# Barista Express shot volumes



## moultram (Jan 18, 2017)

Hi all,

Relative newcomer to espresso here.

Why is the BE 2 cup button programmed to deliver 60ml? Shouldn't a double shot be around 36mls (36grams?)

Do people generally reprogram the shots to a lower volume?

Thanks


----------



## Mrboots2u (May 10, 2013)

moultram said:


> Hi all,
> 
> Relative newcomer to espresso here.
> 
> ...


Most peopel will stop a shot manually using scales.

FYI no fixed amount of coffee is magic, tasty is a relationship between dose and espresso made , measuring this is best done by weight.

BUT one man's magic number ( 1:2 ) is another man's mouth of sadness

Dail a coffee in to how you think it tastes good ( using scales makes it easier )


----------



## moultram (Jan 18, 2017)

Thanks Mrboots2u.

Just for curiosity, do you own this machine and what input dose and output espresso do you aim for?


----------



## ajohn (Sep 23, 2017)

The BE uses timed shots so what comes out in the time that has been set is dependent on the basket size, how much is in it and how the grinder is set.

In ml a single is 30 and a double is 60. Most people use grams instead as it's easier to measure as most have scales. So effectively 30ml is the same a 30g. People might go on and wonder about specific gravity of water against coffee but not much point really as the main aim is to produce a drink that the maker likes.

Really it's better to think in terms of ratios. Weight of ground coffee used and the weight of the output. That might range from 1 to 2 up to 1 to 5 but I suspect one that high would be unusual. This needs to be adjusted to suite the drinker and the bean they are using. The shot time can be anything that produces what the drinker wants. On my BE for instance using the single basket the shot timer has more or less always been at 25 secs. The double button is set longer so that I can play around with tuning the shot time without reprogramming it.
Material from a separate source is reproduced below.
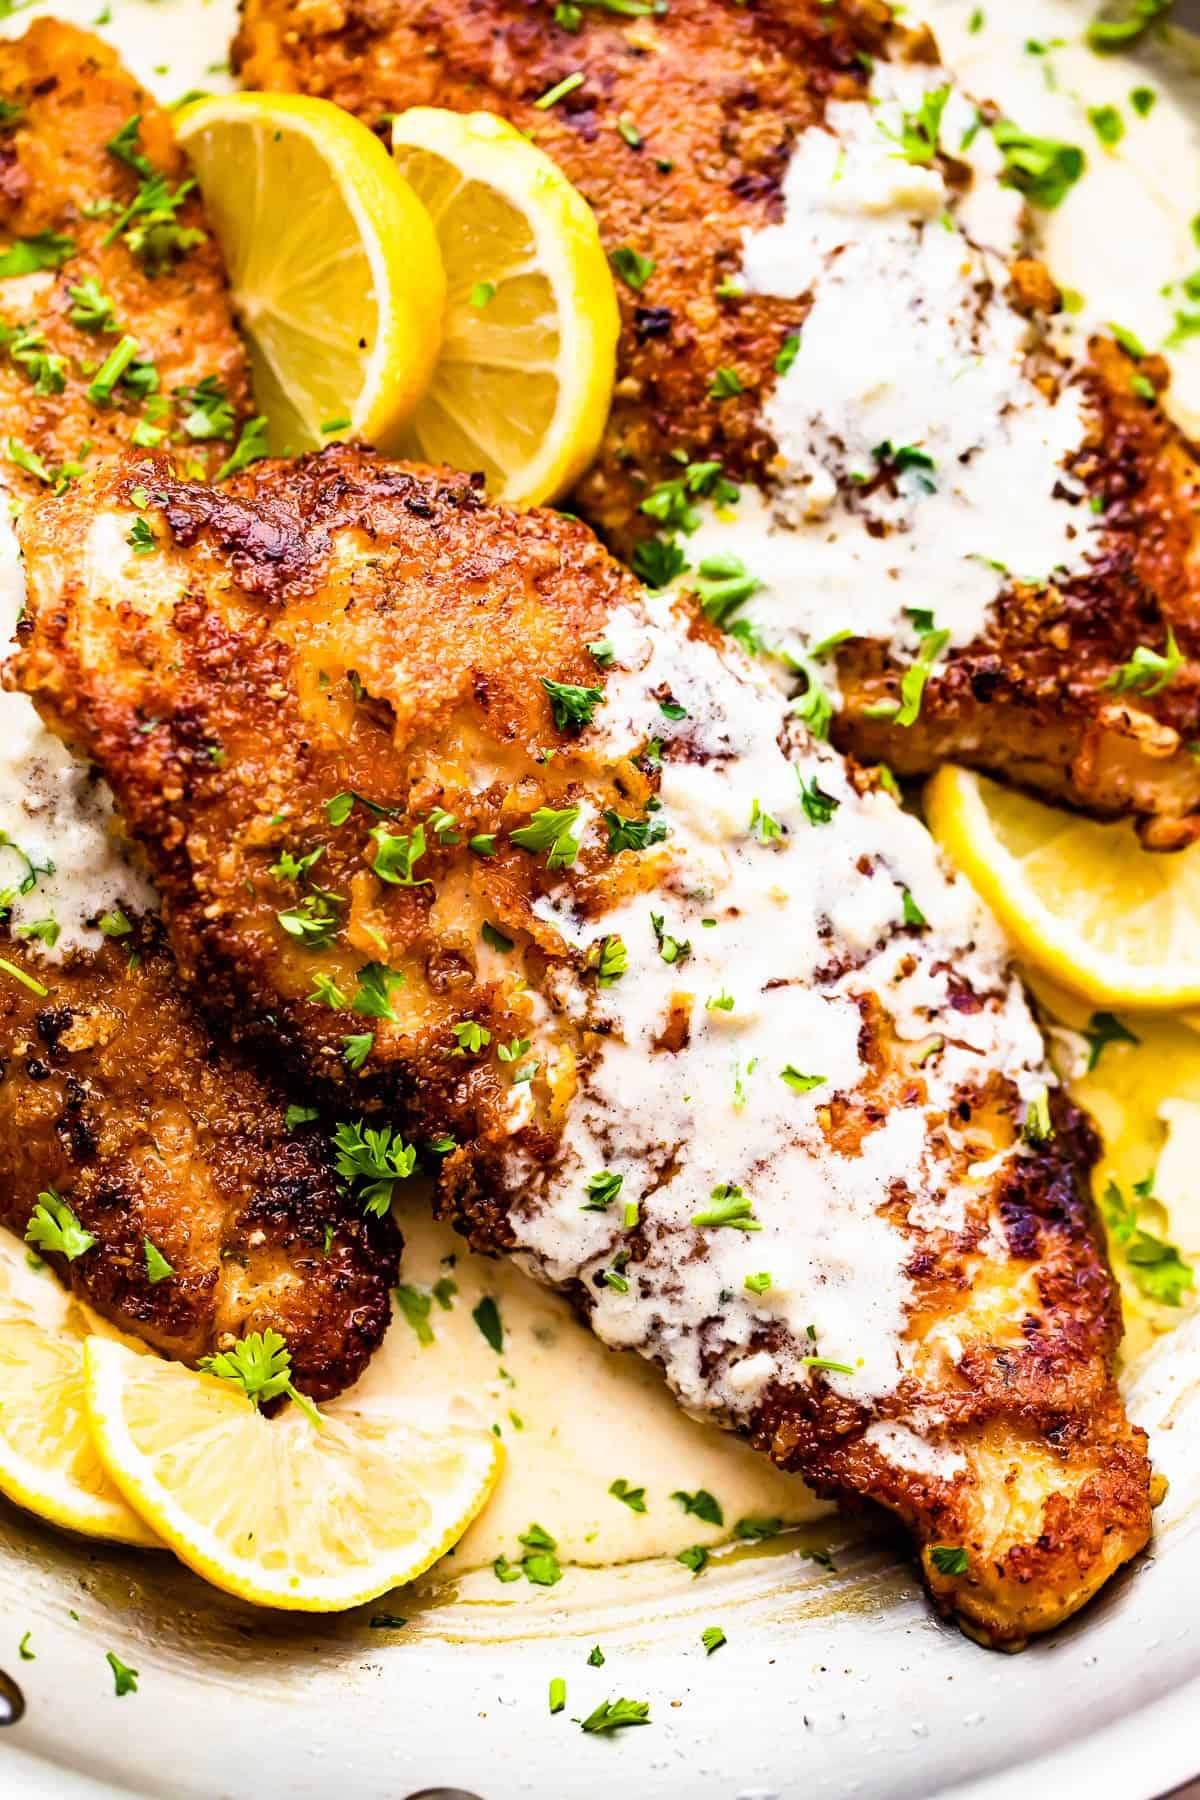 three breaded turkey cutlets topped with creamy lemon sauce and garnished with lemon slices and parsley
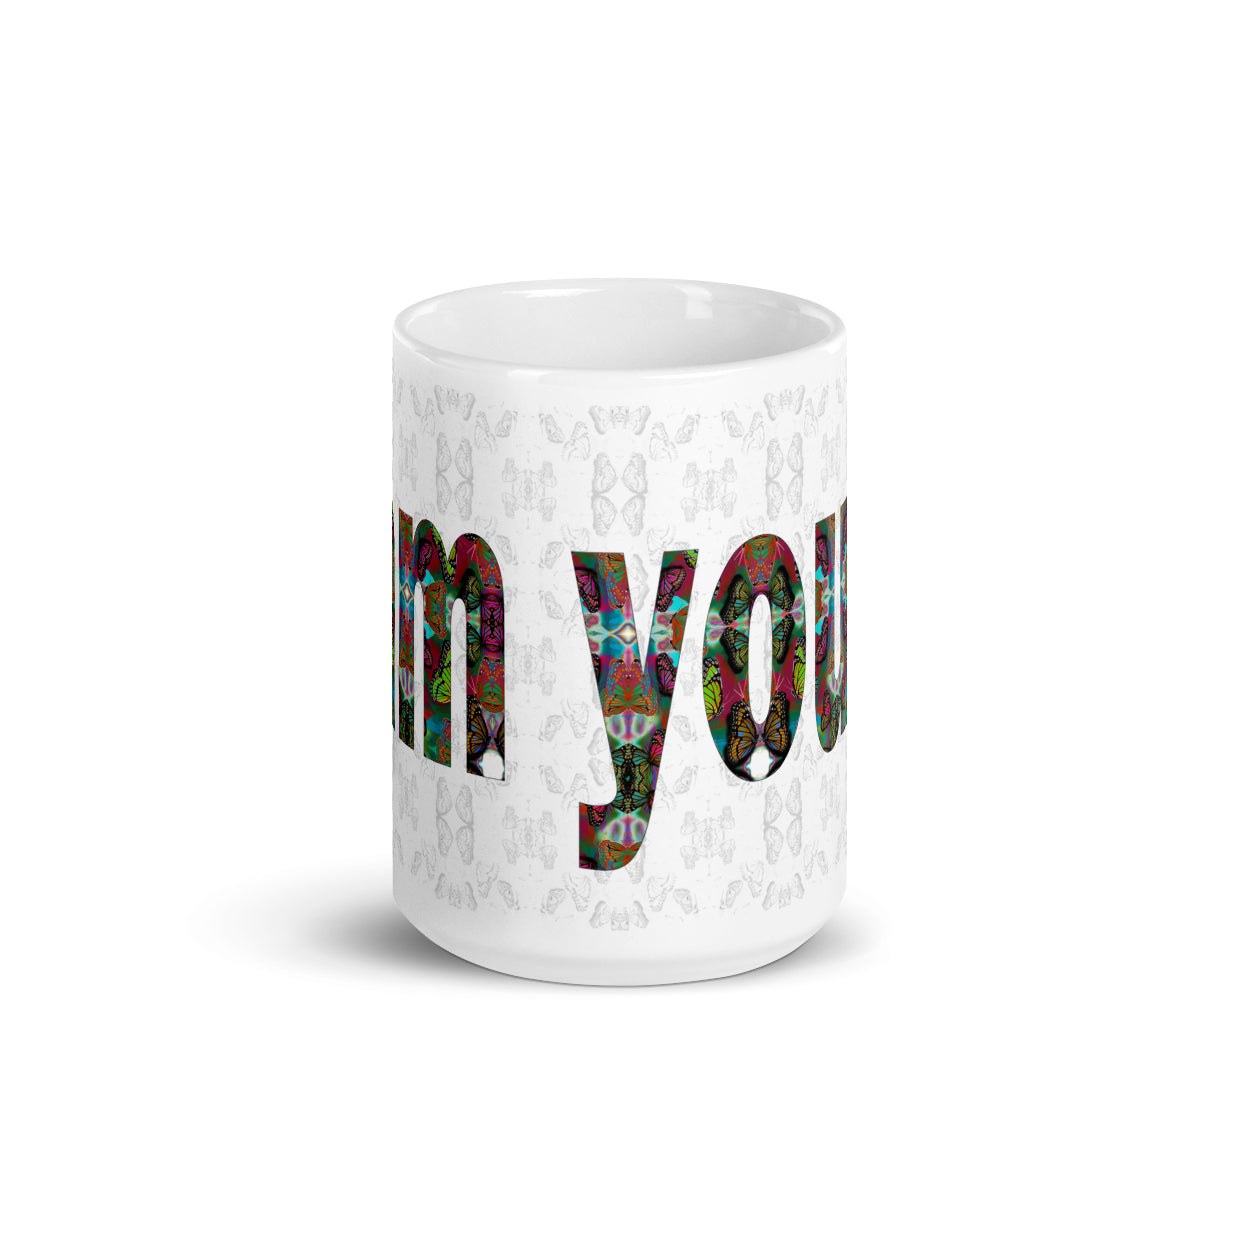 I am yours ~  LOVE ETERNAL Ceramic Mug; Colorful Butterflies Printed Words, Valentine's Day Gift

I'm afraid I don't worry too much about ratio, only taste but would put it in the range of 1 to 2.5 to maybe something over 3. I tend to brew at the higher end shown for the espresso range shown on the gauge as well but not past it. No 2 grinders will be the same and results depend on the bean so mentioning settings wont be of any use. When I started I used the suggestion in the manual a setting of 8 and adjusted from that.

John

-


----------